Challenges to “Loss of Escape Response” and short-term
acclimation
All experimental procedures were conducted with the approval of the UC
Davis IACUC under protocols 20007 and 21846. Two adult Oreochromis
mossambicus female-male pairs (4 adults total) were bred, and
fertilized eggs from the two brood groups incubated in separate tanks.
Following hatch, fish were raised for 6 months before the start of
acclimation experiments, and all acclimations started before fish were
eight months post-hatch. Fish were grown in a 200L tank system in
dechlorinated Davis, California tap water, as previously described
[25] until used for experiments. In all acclimations, two tanks
containing fish from each brood group were used as replicates for a
total of 4 tanks per treatment. Two acclimation protocols were used to
determine CSMAX , and two additional protocols used to
collect samples at relevant salinity-level/duration points before loss
of organismal function, defined as Loss of Escape Response (LER, see
below)(Supplementary figure 1). In each case salinity was increased once
every 24h. To determine CSMAX and impacts of salinity
stress, salinity was raised at five different rates of change per day
(32, 24, 12, 8, and 6g/kg/day). To determine CSMAX over
time at hypersalinity, salinity was increased at a rate of 6g/kg/day to
three target salinity levels (85, 95, and 105g/kg) followed by
continuous exposure at target salinity until LER. To assess
physiological and molecular function at hypersalinity before LER,
salinity was raised to four target levels (21g/kg, 55g/kg, 85g/kg, and
105g/kg), with rate adjusted to reach the target after 14 days and
samples collected following 24 hours at the final salinity. The 14-day
period was chosen such that none of the treatments were impacted by
acute salinity stress from too-rapid salinity increase. Finally, to
assess the long-term impacts of hypersalinity at just below the critical
salinity threshold, fish were acclimated from FW to 75g/kg at 6g/kg/day
over 14 days followed by maintenance at the final salinity for 10 weeks
for a 12 week acclimation in total. The level of 75g/kg for the final
acclimation was determined based on the results from the two
acclimations to CSMAX.
All acclimations except the long-term 75g/kg treatment were conducted by
increasing salinity via adding saturated brine solution (200g/kg) made
from synthetic sea salt (Instant Ocean). Brine was added during daily
10% volume water changes to achieve the appropriate salinity increase
to within 0.1g/kg as determined using a portable conductivity meter on
salinity mode (TWT Cond 3310 meter, TetraCon 325 probe). At salinities
above 60g/kg, 5mL of ammonia/nitrite detoxifier solution (Kordon AmQuel)
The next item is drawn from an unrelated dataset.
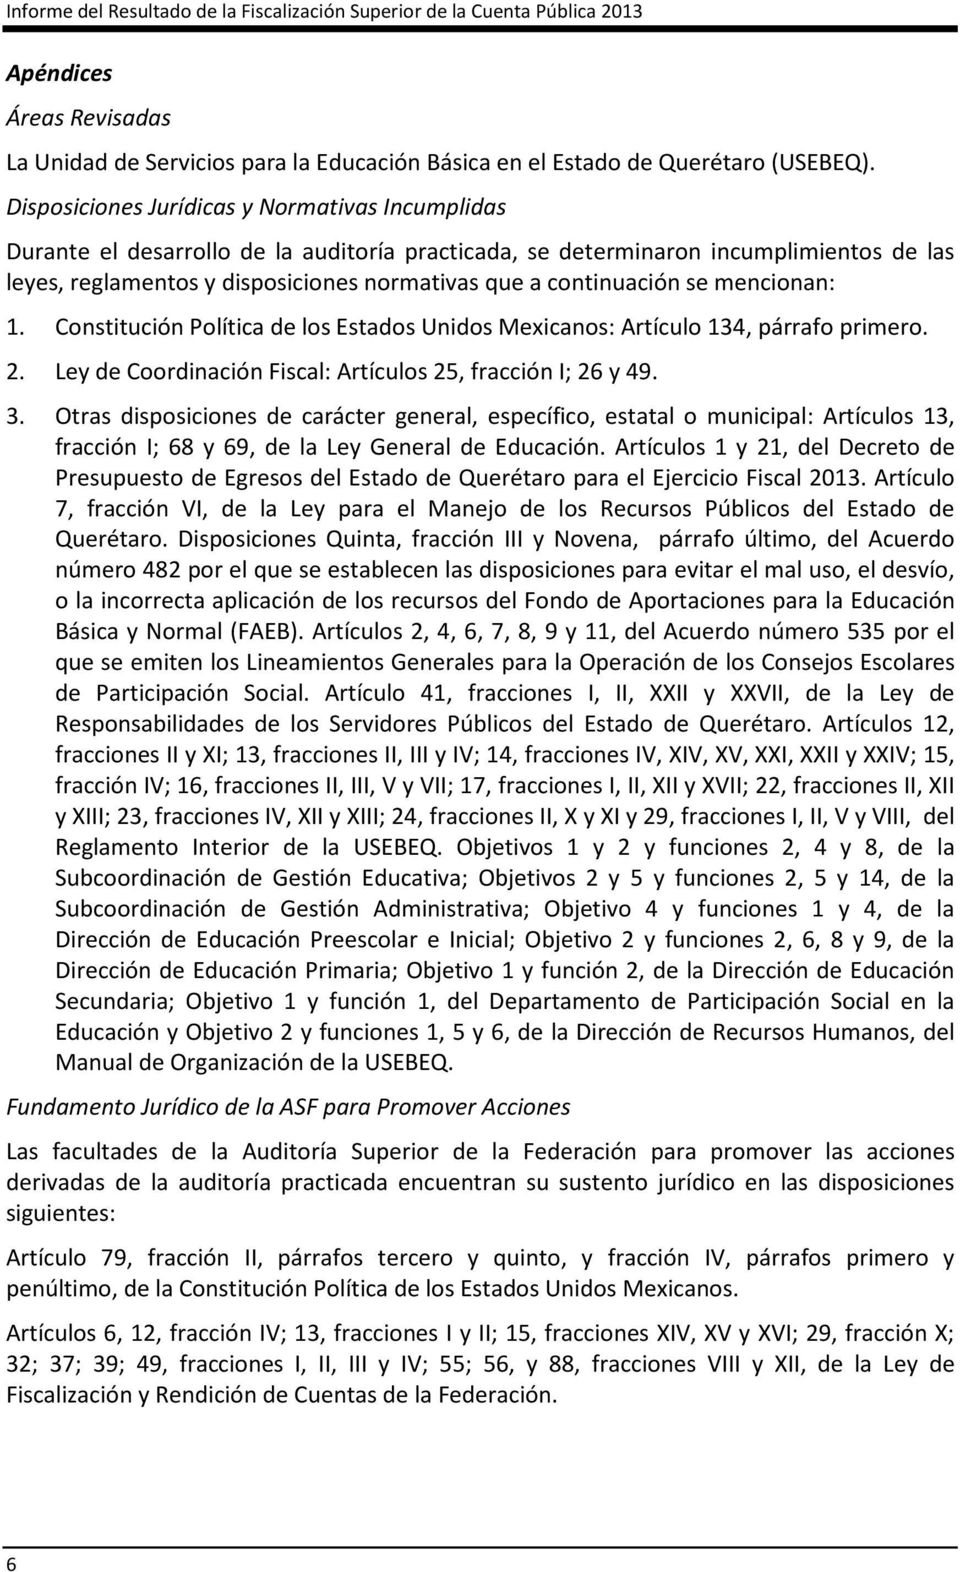 continuación se mencionan: 1. Constitución Política de los Estados Unidos Mexicanos: Artículo 134, párrafo primero. 2. Ley de Coordinación Fiscal: Artículos 25, fracción I; 26 y 49. 3.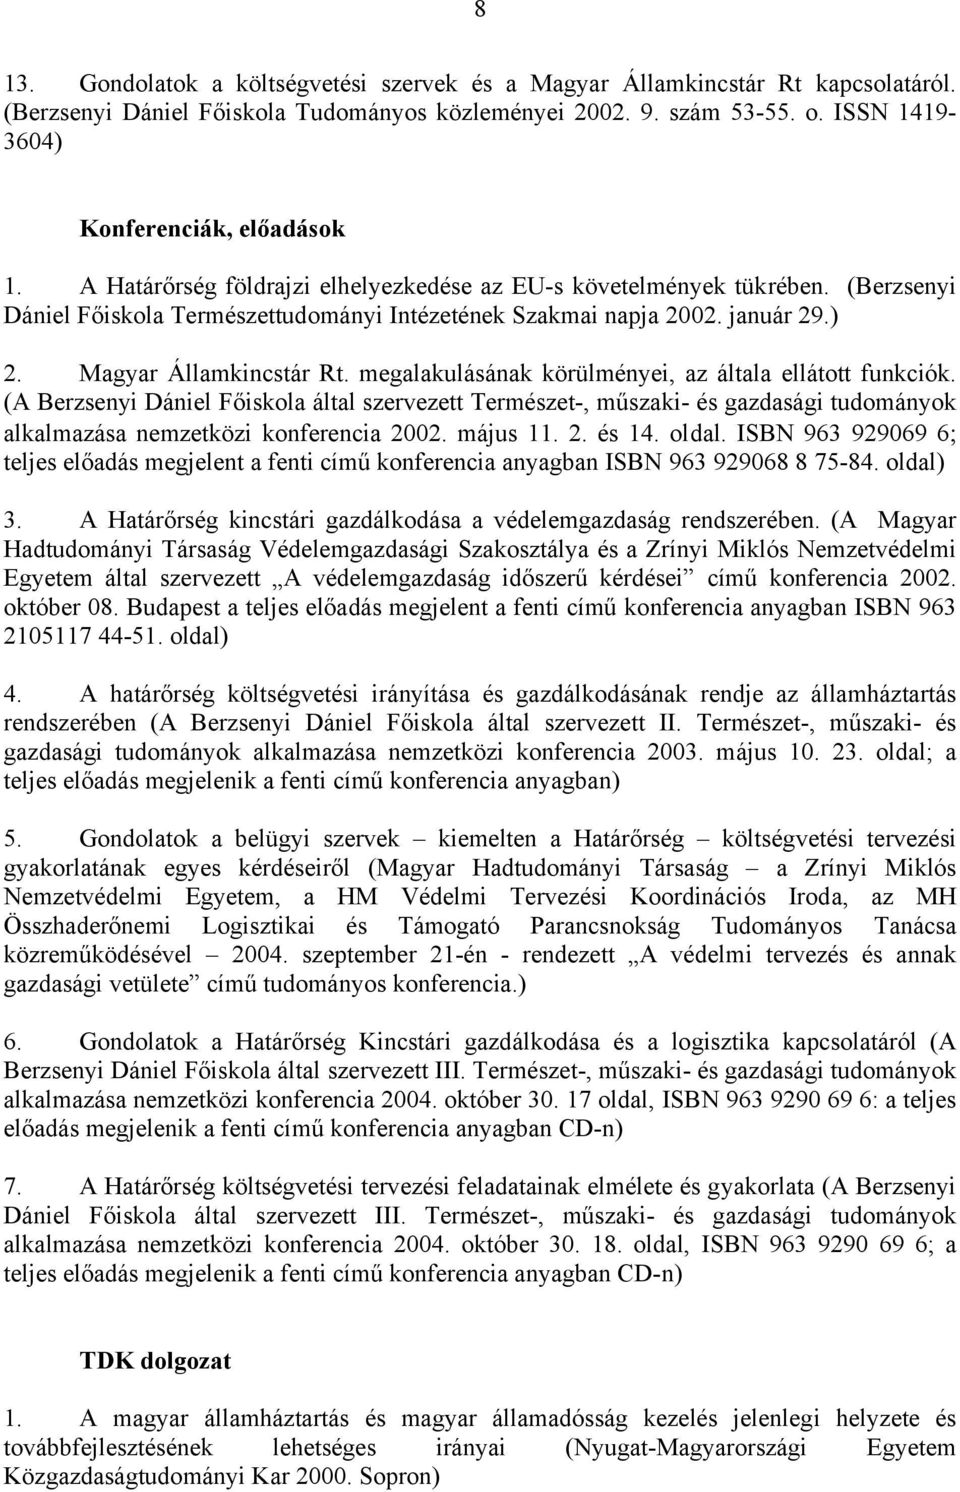 január 29.) 2. Magyar Államkincstár Rt. megalakulásának körülményei, az általa ellátott funkciók.

was added daily to maintain low ammonia and nitrite levels due to
reduced biological filtration efficiency. Fish were kept in 30L tanks at
27°C ± 1° on three-tiered racks with treatments randomly distributed to
avoid biasing results from increased stress near walking paths [26],
differences in light levels, or order of feed distribution. Controls
were held in equal volume tanks in FW for 14 days and handled in the
same fashion. Fish were fed ad libitum in the morning three hours
after lights-on in the vivarium on a formulated tilapia floating pellet
diet (35% Hi Production Tilapia Food, Star Milling Company), recording
total number of pellets added. Following 30 minutes of undisturbed
feeding time, remaining pellets were retrieved using a dip net and
counted.
For the twelve-week acclimation at 75g/kg salinity, an alternate tank
set-up was needed because nitrifying bacteria efficiency in biological
filters was significantly reduced in salinities above 60g/kg [27]. A
recirculating system was constructed with 30L experimental tanks with
overflow outlets sitting inside a larger (400L) tank and a 200L sump
containing a flow-through bed of ceramic ring filter media (approx. 15L
volume) and protein skimmer (BubbleMagus Curve 7). This allowed for
consistent tank size between all acclimations but with a greatly
expanded water volume (600 L) and biological filter capacity (biofilter
volume of 15L versus 0.5L per tank) which kept ammonia and nitrite
levels below 0.25 ppm without the need for additional detoxifying
solution. To accurately quantify feeding, pellets were weighed before
adding to tanks. Following a 30-minute undisturbed feeding period, feed
was retrieved and oven dried at 105°C until weight became constant
(approx. 3 hours). Natural pellet dissolution was determined for 10g of
feed placed in a 30L tank without fish and treated in the same manner.
Treatment tanks reached the final salinity after two weeks, at which
time three fish from each tank were euthanized after visually selecting
one large, one median, and one small fish and samples acquired to
determine blood osmolality before long term acclimation. To determine
weight gain, the remaining 12 fish were removed using a dip net from
tanks and placed in a pre-weighed 2L pitcher containing water from the
tank, final weight recorded, and fish then returned to the tank. This
process was repeated every two weeks until the end of the experiment.